◆ Collected data
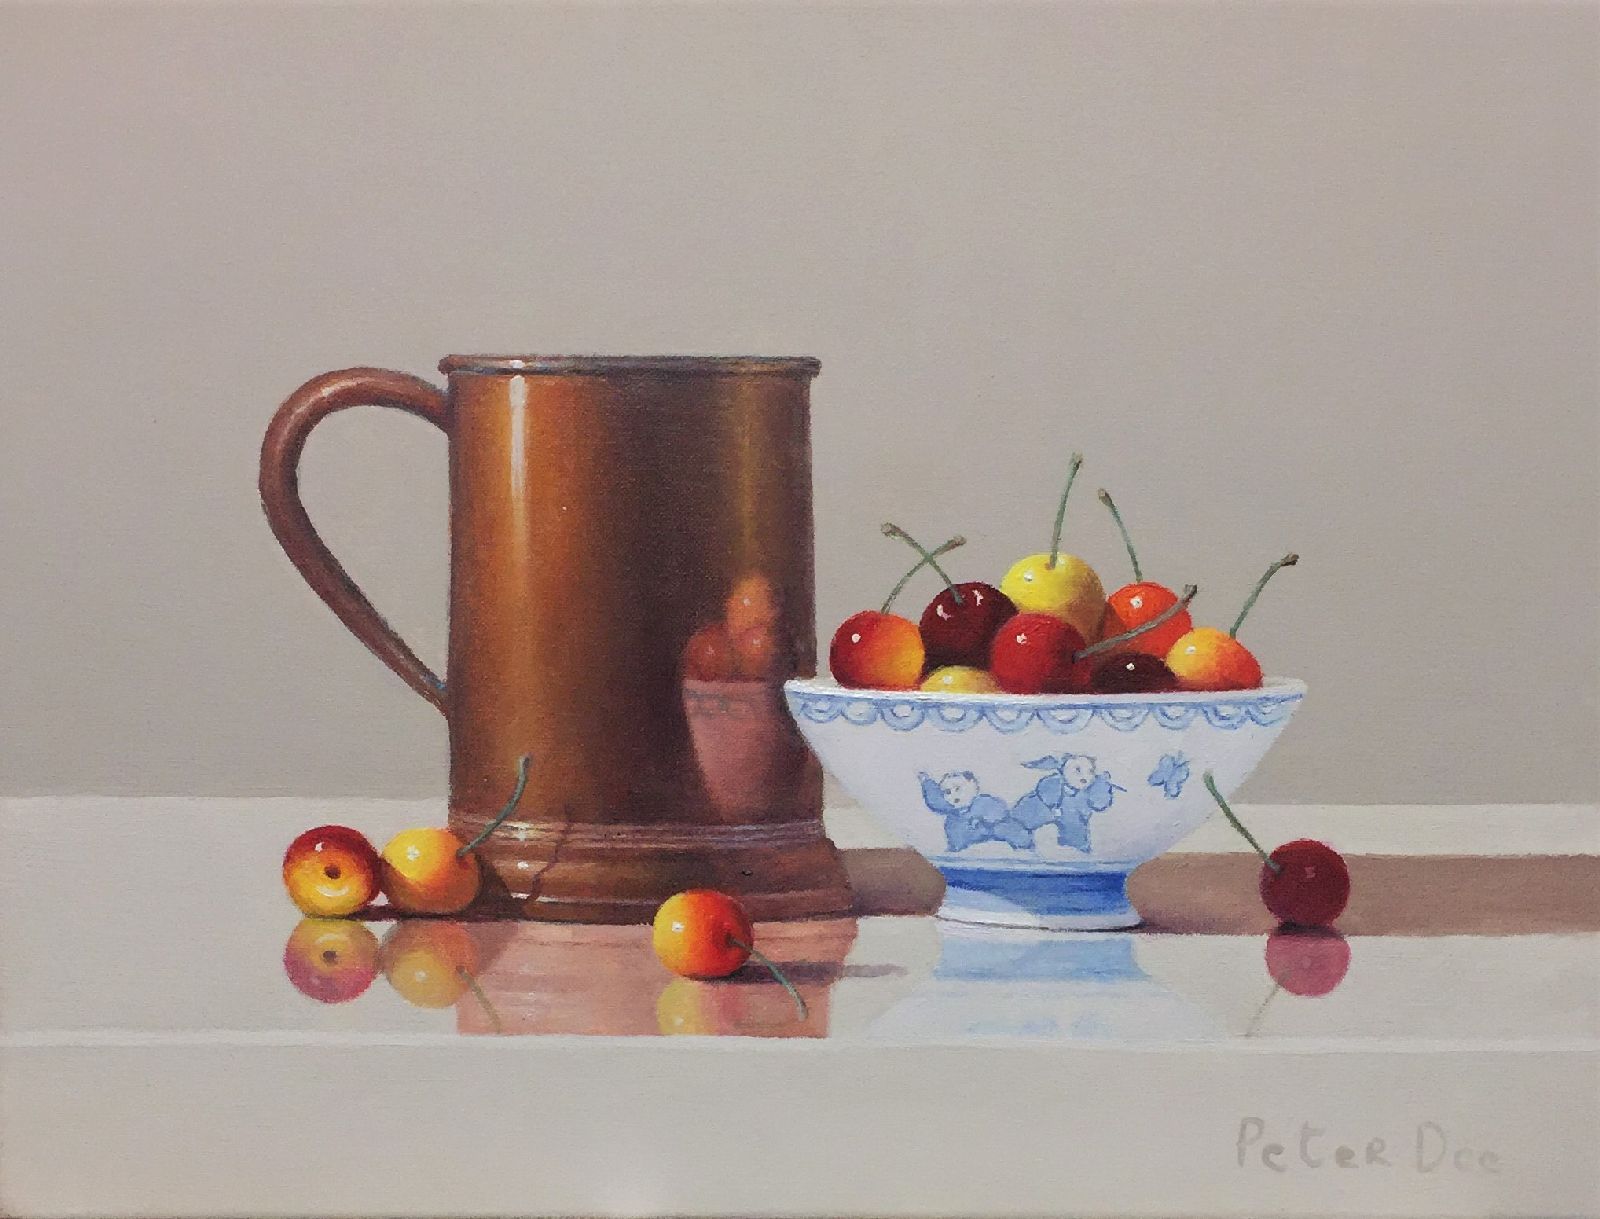 Peter Dee - Still Life with Copper Tankard and Cherries 
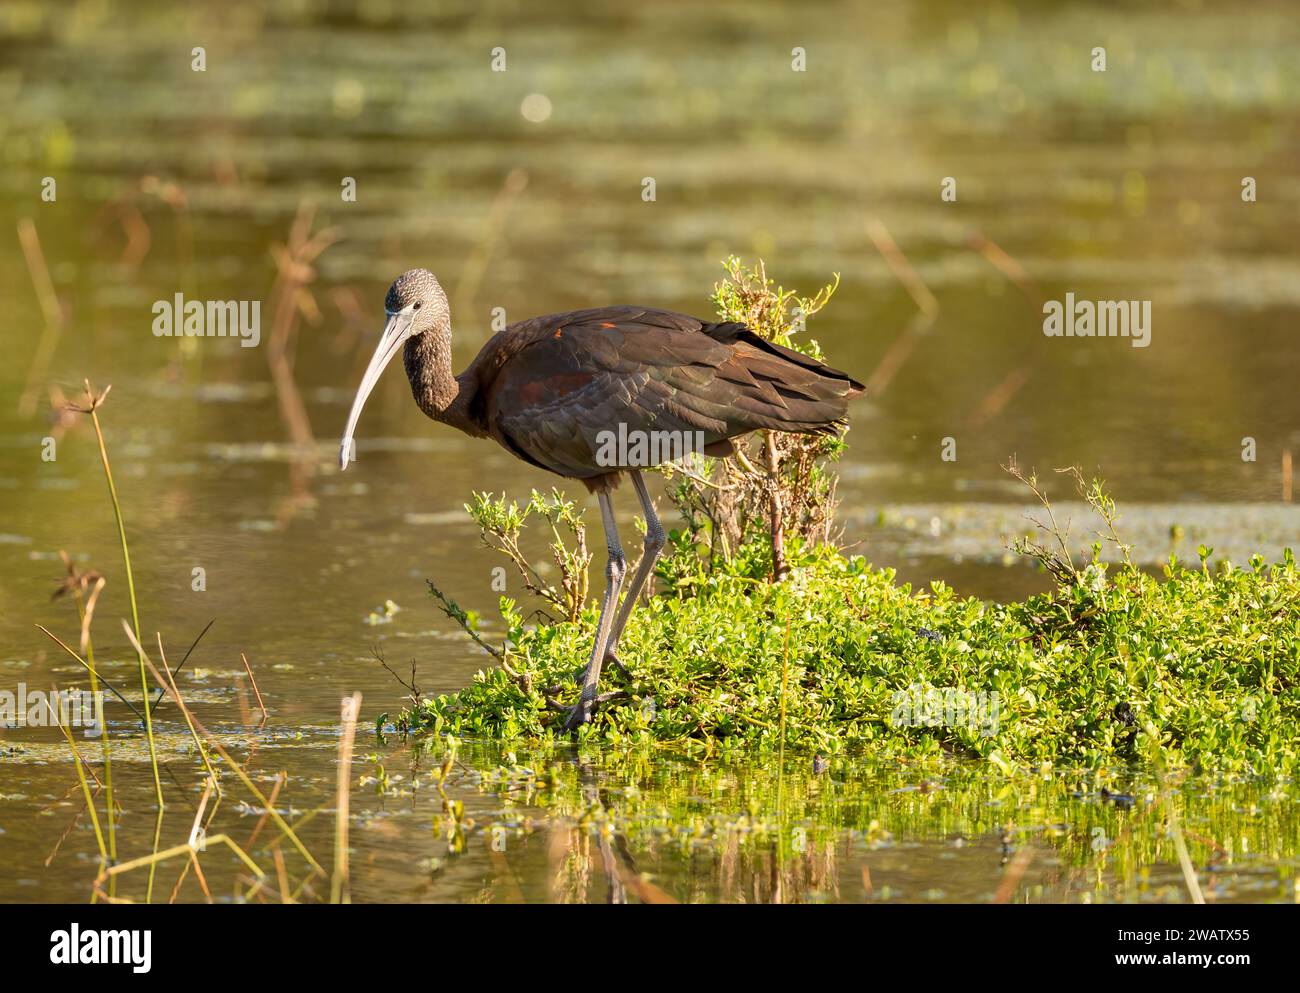 The glossy ibis (Plegadis falcinellus) with its metallic iridescent sheen, inhabits swamps, mudflats, and wetlands throughout much of the Australia. Stock Photo
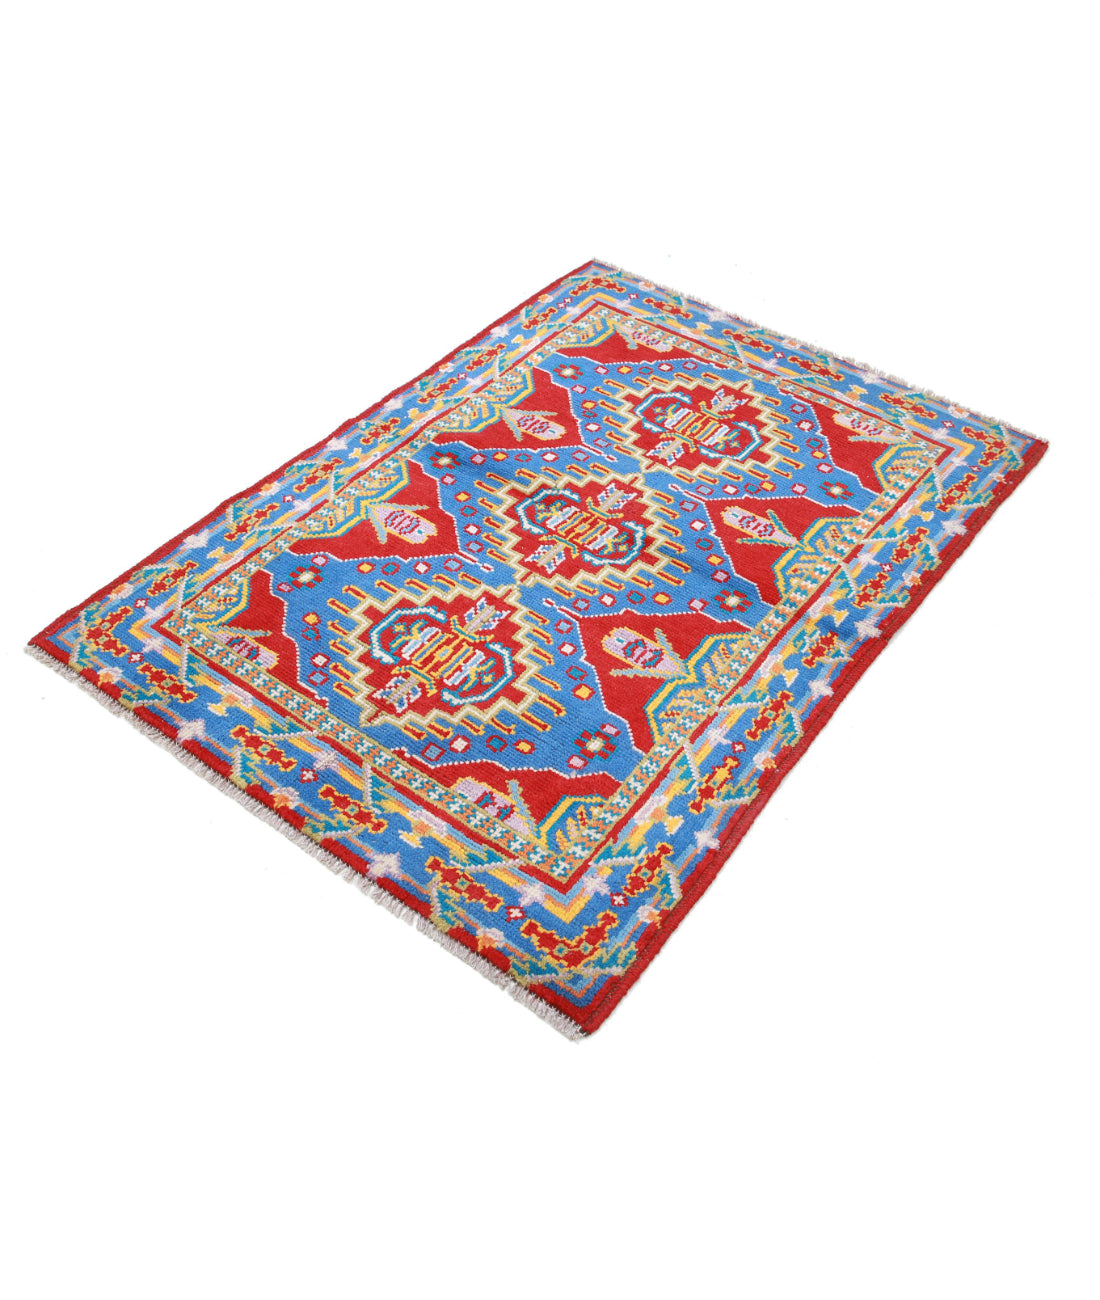 Revival 3'3'' X 4'9'' Hand-Knotted Wool Rug 3'3'' x 4'9'' (98 X 143) / Red / Blue

◆ Task objective
Set down nothing but the lines from the one containing "The glossy ibis" to the final line above, both included, with every picture left out.

◆ Problem solution
 The glossy ibis (Plegadis falcinellus) with its metallic iridescent sheen, inhabits swamps, mudflats, and wetlands throughout much of the Australia. Stock Photo
 Revival 3'3'' X 4'9'' Hand-Knotted Wool Rug 3'3'' x 4'9'' (98 X 143) / Red / Blue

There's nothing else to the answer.